A Recital by the Takács Quartet
Edward Dusinberre, violin
Harumi Rhodes, violin
Richard O’Neill, viola
András Fejér, cello

A drawing of a man riding on the back of a horse

Galloping Knight, c. 1485–1500 (pencil on white paper) by Albrecht Dürer. Staatliche Museen zu Berlin, Kupferstichkabinett, Jörg P. Anders, Public Domain Mark 1.0.

Joseph Haydn

String Quartet in G minor, op. 74, no. 3, “The Rider”

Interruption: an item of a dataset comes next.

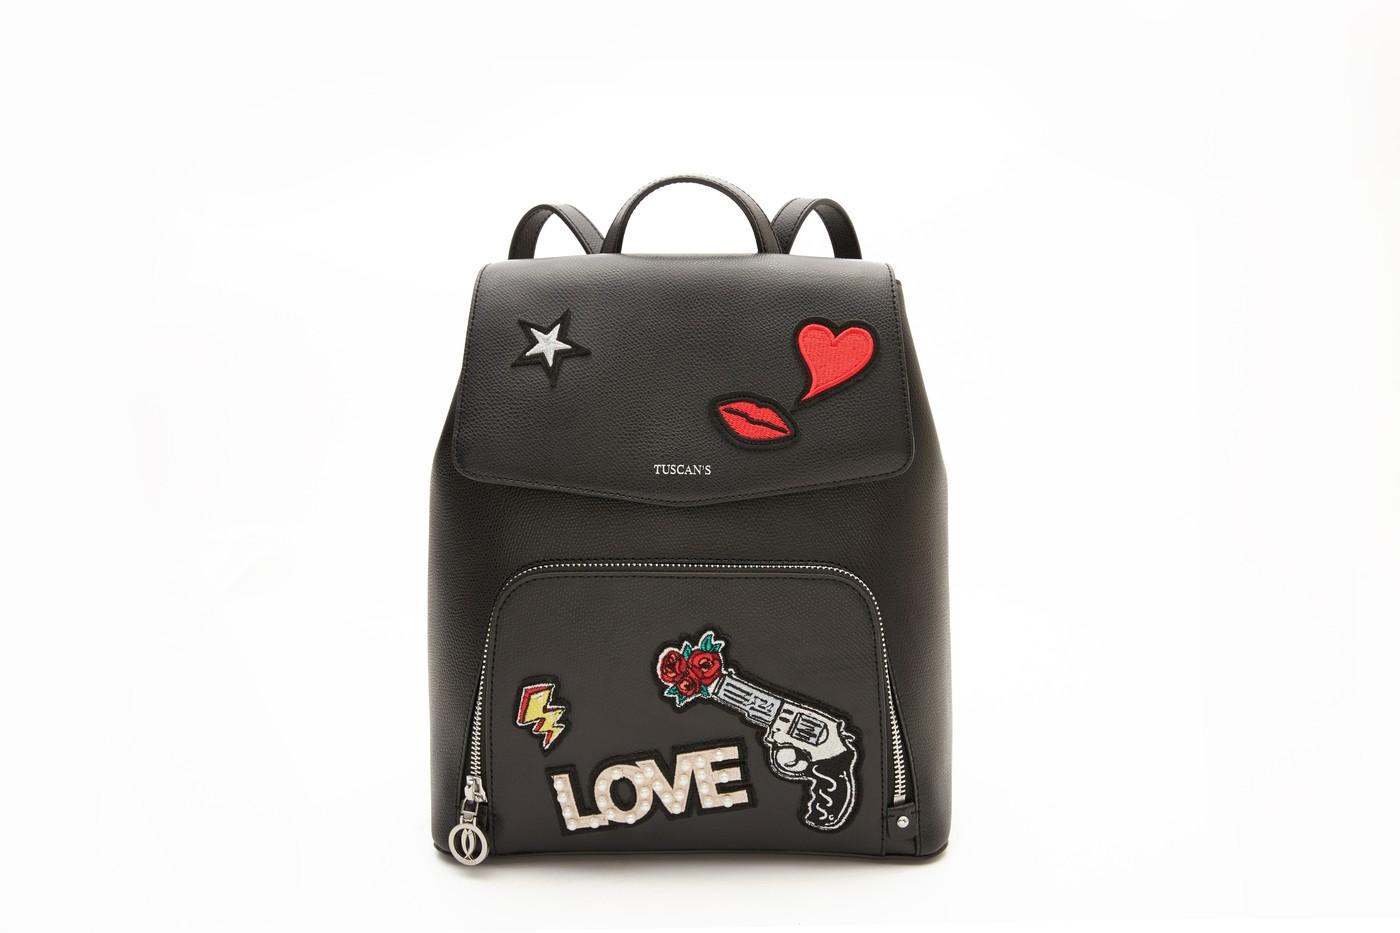 West Backpack - 背包

Haydn’s long-time service to the Hungarian princes of the Esterházy family naturally brought him into connection with other aristocratic families of that region. One of the consequences of this connection is that a dozen of his finest and most mature string quartets were composed on commission from the Apponyi family (the six quartets of Opus 71 and Opus 74) or the Erdödy family (the six quartets of Opus 76). Almost without exception, Haydn (like other musicians of his day) published chamber works in groups of six. Since Opus 71 and Opus 74 both contain only three quartets yet were composed in the same year (1793) and were published with a dedication to a single patron, we can certainly consider them together as a single set of quartets.

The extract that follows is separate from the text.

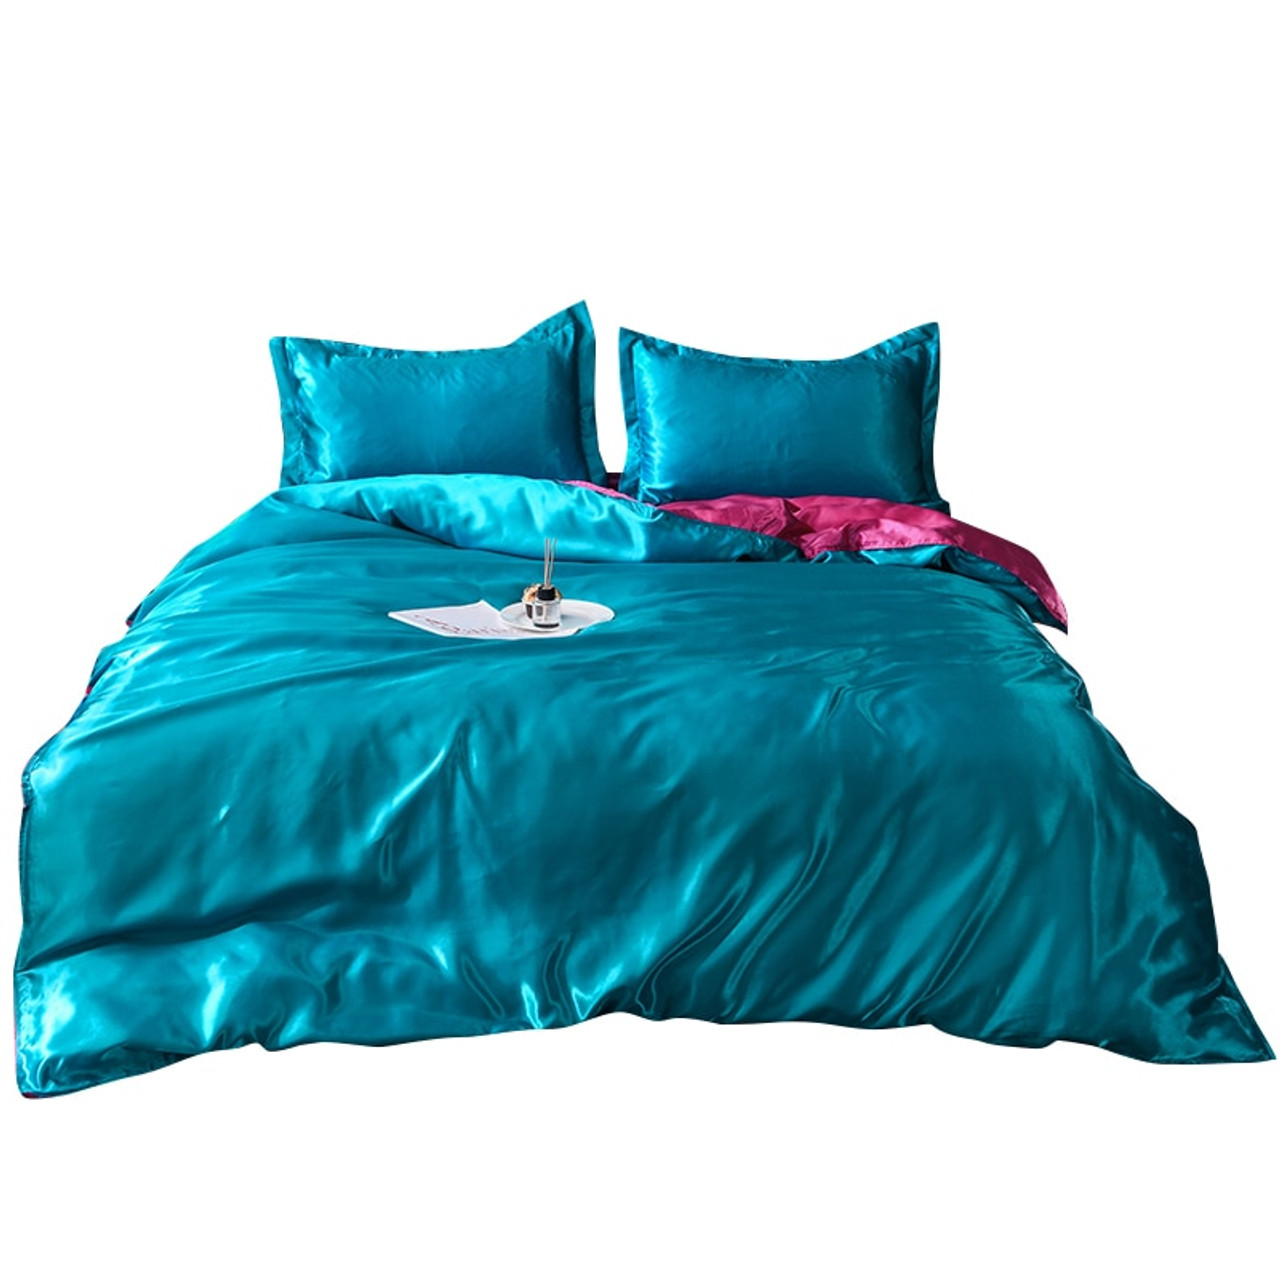 100 Pure Satin Silk Bedding Set Home Textile King Size Bed Set Bedclothes Purple Duvet Cover Flat Sheet Pillowcases Wholesale Onshopdeals Com

From very early in his career, Haydn had chosen to allow just one work in a group of six to be in a minor key. For the Opus 71/74 combination, that work is the very last one of the series, which has been nicknamed the “Rider” or the “Horseman” quartet, evidently from some early listener’s notion that the opening musical idea of the first movement suggests some kind of galloping motion; or perhaps it was the vigorous racing of the finale that suggested the name. In any case, it does not come from Haydn himself, and while it allows us a convenient shorthand for referring to this splendid quartet, it also has the unfortunate side-effect of emphasizing the outer movements and drawing attention away from one of Haydn’s greatest and most expressive slow movements.

All six of the Opus 71/74 quartets were composed between Haydn’s first and second visits to London in the early 1790s, a time when his musical language was at its most advanced level of development and also its most popular with musical audiences all over Europe.

The first movement begins with a vigorous opening gesture that ends suddenly after eight bars and never returns again—though a fragment of it (the last two beats of each measure) becomes an accompanimental figure to the triplet theme that soon follows, and the same fragment appears as a feature of the second theme, introduced by the first violin on the D string. The triplets that start near the beginning dominate the musical flow until Haydn begins a remarkable return to the home key and the recapitulation. The sudden disappearance of the triplets draws the listener to the re-emergence of the main theme (though without the “galloping” eight-bar opening). At the very end of the movement, Haydn moves from G minor to G major, which is closer to the key of the movement that is to follow.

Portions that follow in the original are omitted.